Similar to ZFS send, the most common interface to ZFS recv is through the zfs command line utility with the recv/receive subcommand. The core logic of ZFS receive is located in the kernel down a stack trace such as: zfs_do_receive => zfs_receive => zfs_receive_impl => zfs_receive_one => zfs_ioctl(ZFS_IOC_RECV) => zfs_ioc_recv. Of course, these intermediate functions are necessary to perform setup and error handling, but they aren’t particularly interesting for this overview of the core functionality of ZFS receive. (TODO: I’m kind of punting on this at the moment so I can focus on the interesting code in dmu_recv_begin, dmu_recv_stream, and dmu_recv_end but I should probably go back and mention some things about the functions that are higher in the stack. I’m also getting a little tired of writing so in general receive is probably going to need more fleshing out).

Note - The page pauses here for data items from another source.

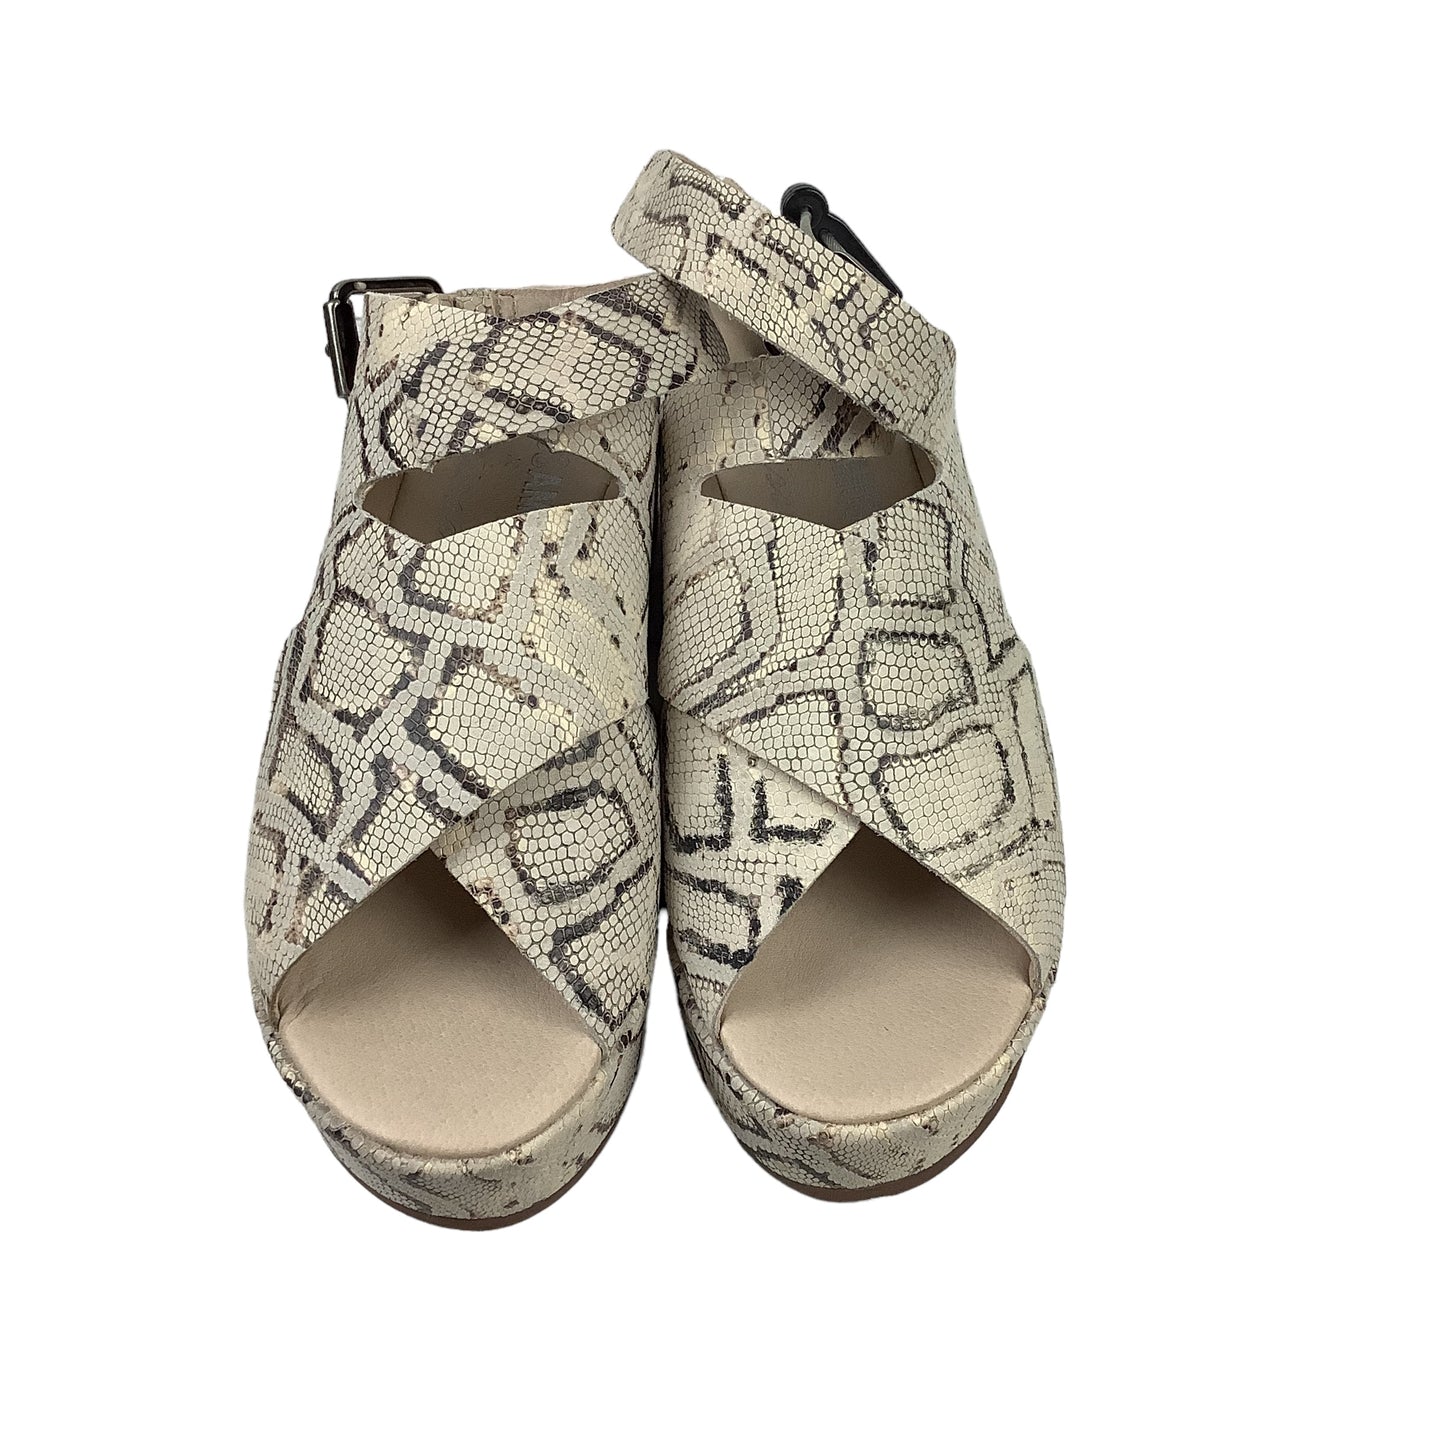 Sandals Heels Platform By Matisse  Size: 9
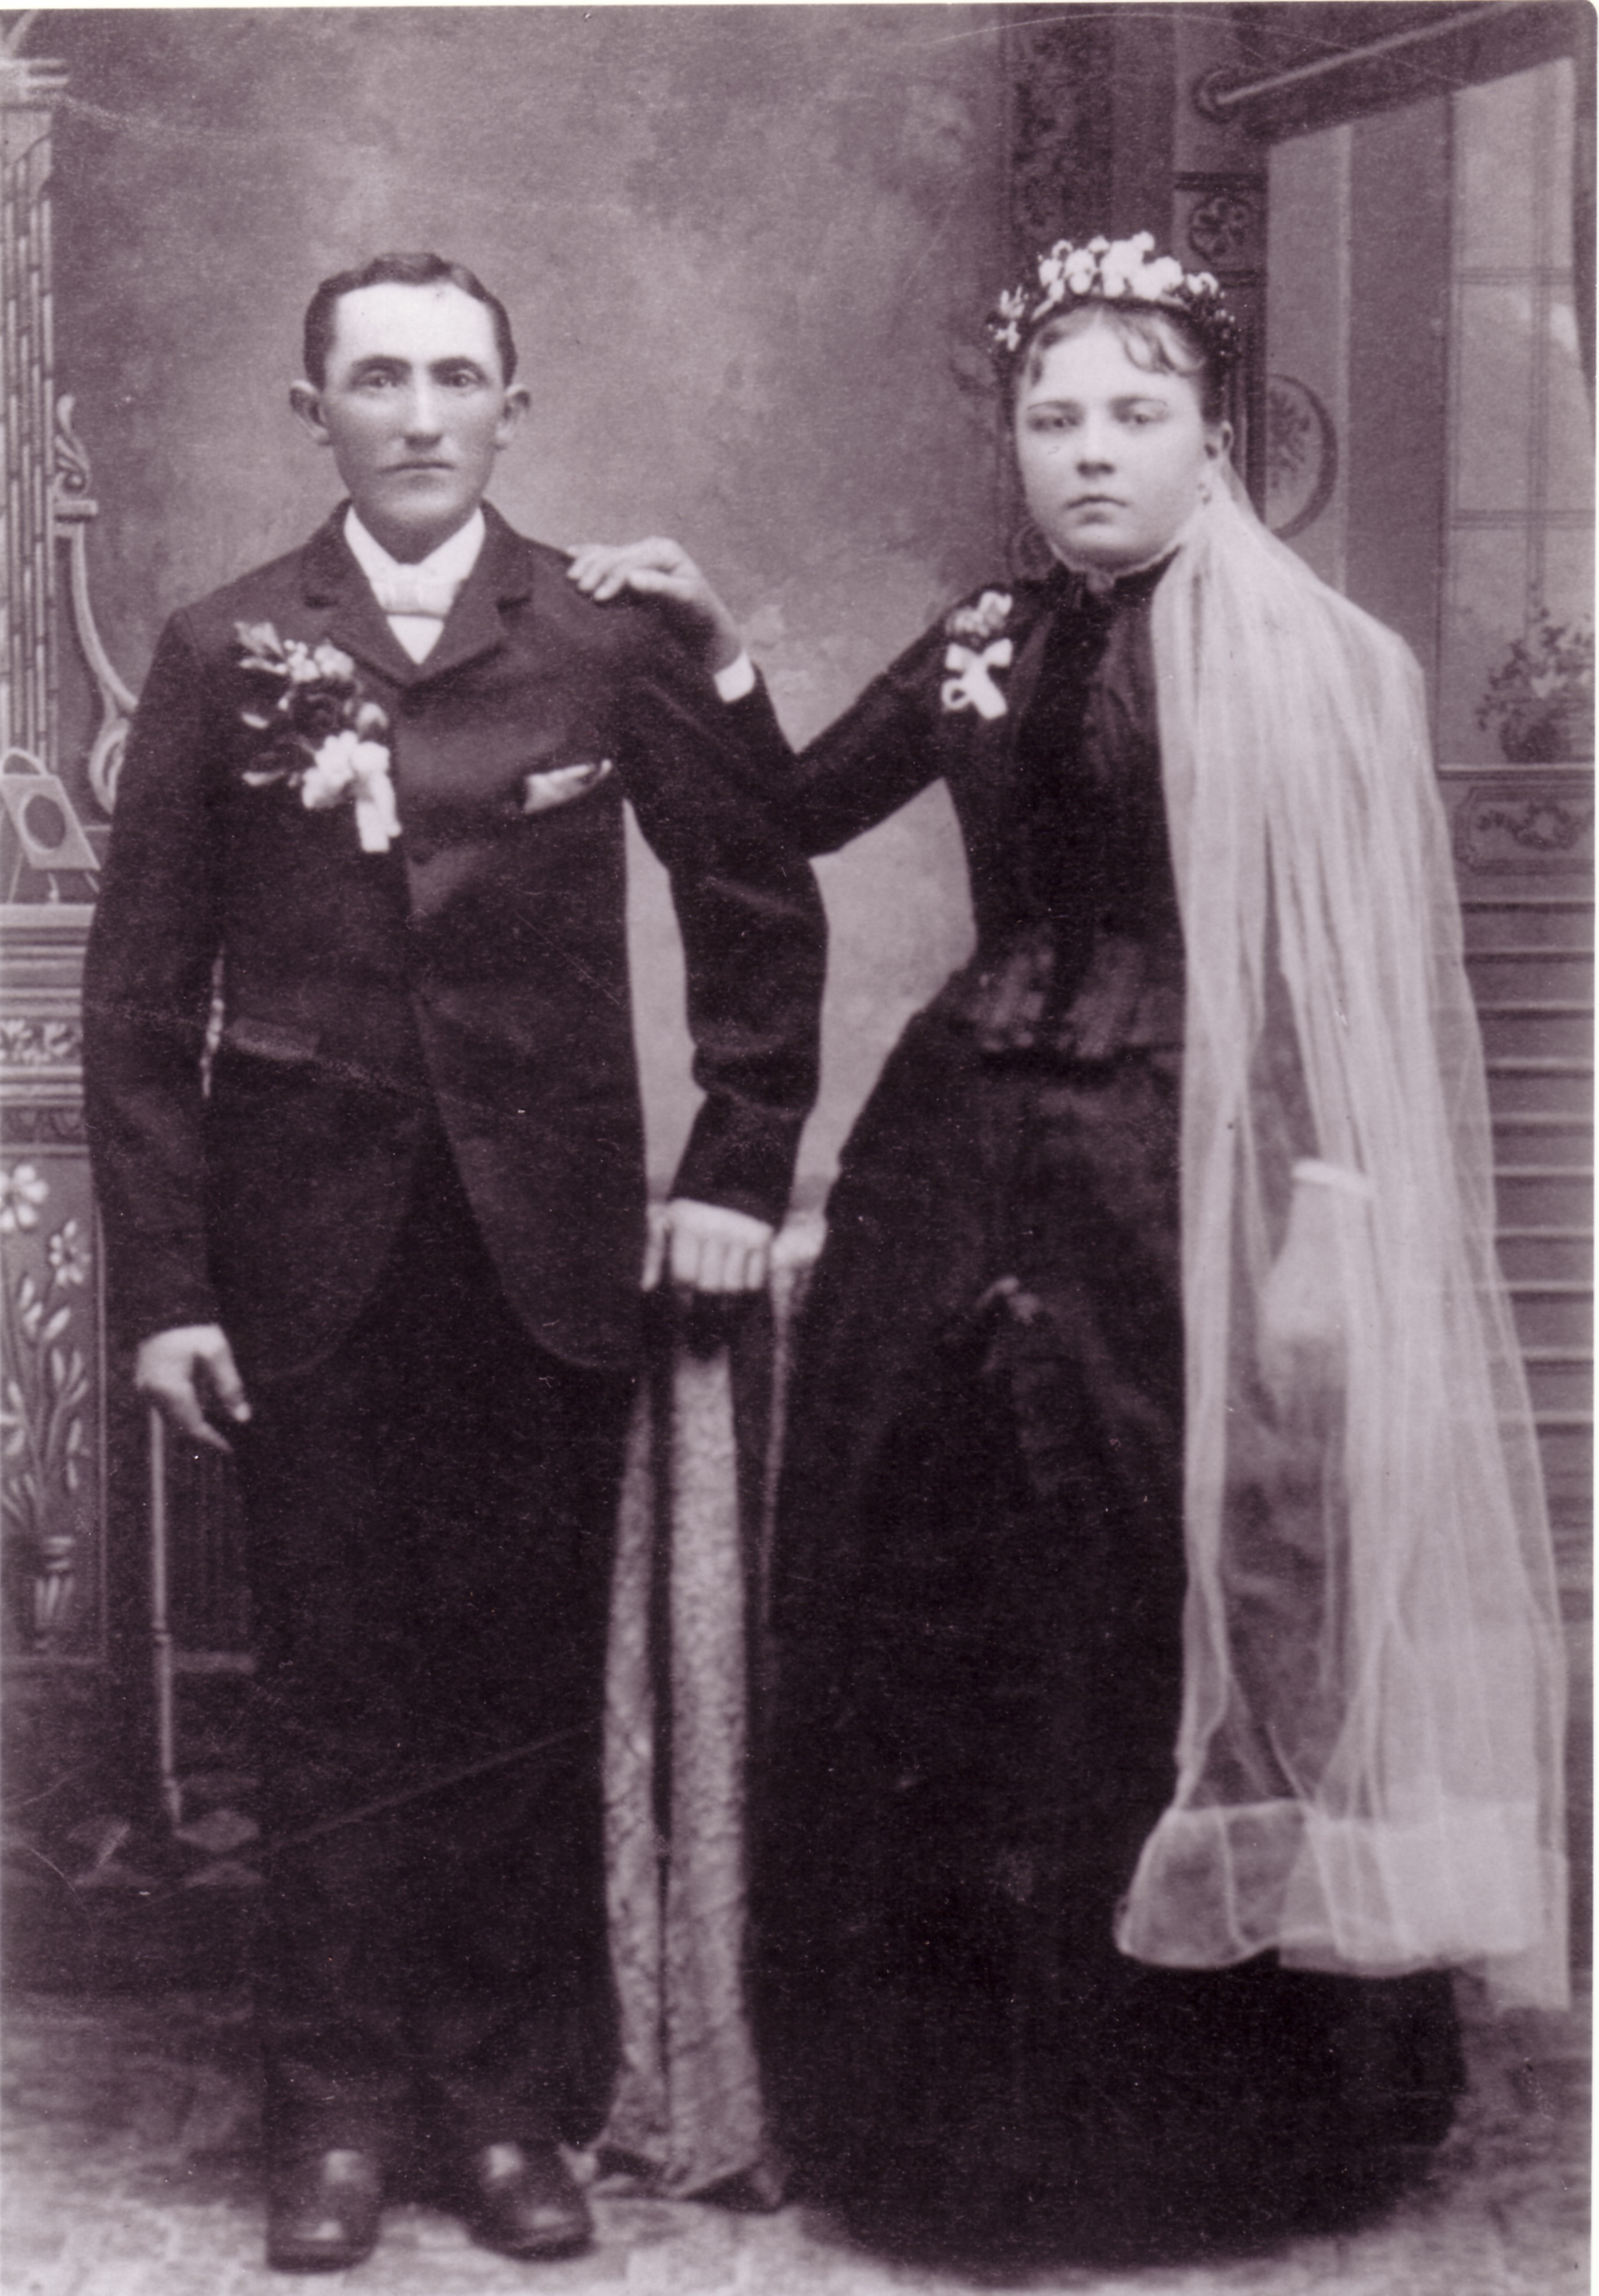 Freidrich Heinrich Eduard Beerman and Margaretha Magdalena Peters Beerman
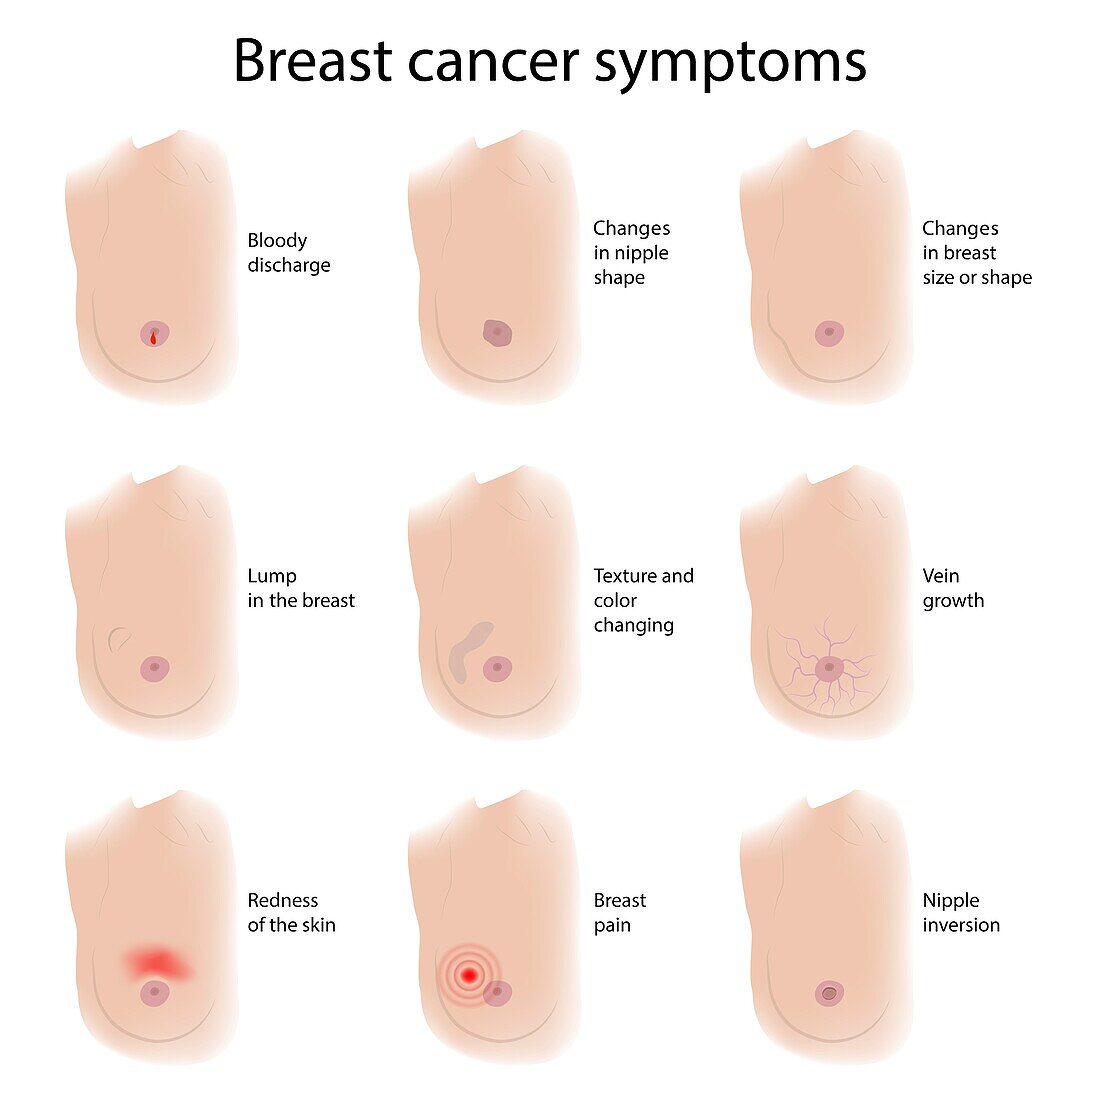 Breast cancer symptoms, illustration

The implementation of ZFS receive centers around three functions: dmu_recv_begin, dmu_recv_stream, and dmu_recv_end. dmu_recv_begin performs setup for receiving the stream’s records based on the information contained in the BEGIN record. This includes either creating a new ZFS dataset for the operations in the stream to be applied to, or creating a clone of an existing filessytem to apply those operations to (in the case of an incremental receive). This work is performed inside a DSL sync task.
dmu_recv_stream performs the processing of the FREE, FREEOBJECTS, OBJECT, etc records that follow the BEGIN record. Using restore_read to read individual records, dmu_recv_stream loops until it reaches the END record or an error occurs. For each type of record it calls a different method which executes the operations on the dataset that receive has been provided.
|Record Type||Method Called|
|Anything else||Exit with EINVAL|
We won’t go into detail on each of these functions, but it is useful to consider at least one so let’s take a look at restore_write.
restore_write first retrieves the actual modified data block from the send stream using restore_read. It then creates a transaction, assigns that transaction to the current TXG_WAIT transaction group, and associates a write to the specified object at the specified offset and length with that new transaction. Finally, it commits that transaction.
dmu_recv_end then performs cleanup of the transformed dataset following successful completion of dmu_recv_stream. Like dmu_recv_begin, dmu_recv_end performs its work inside of a sync task.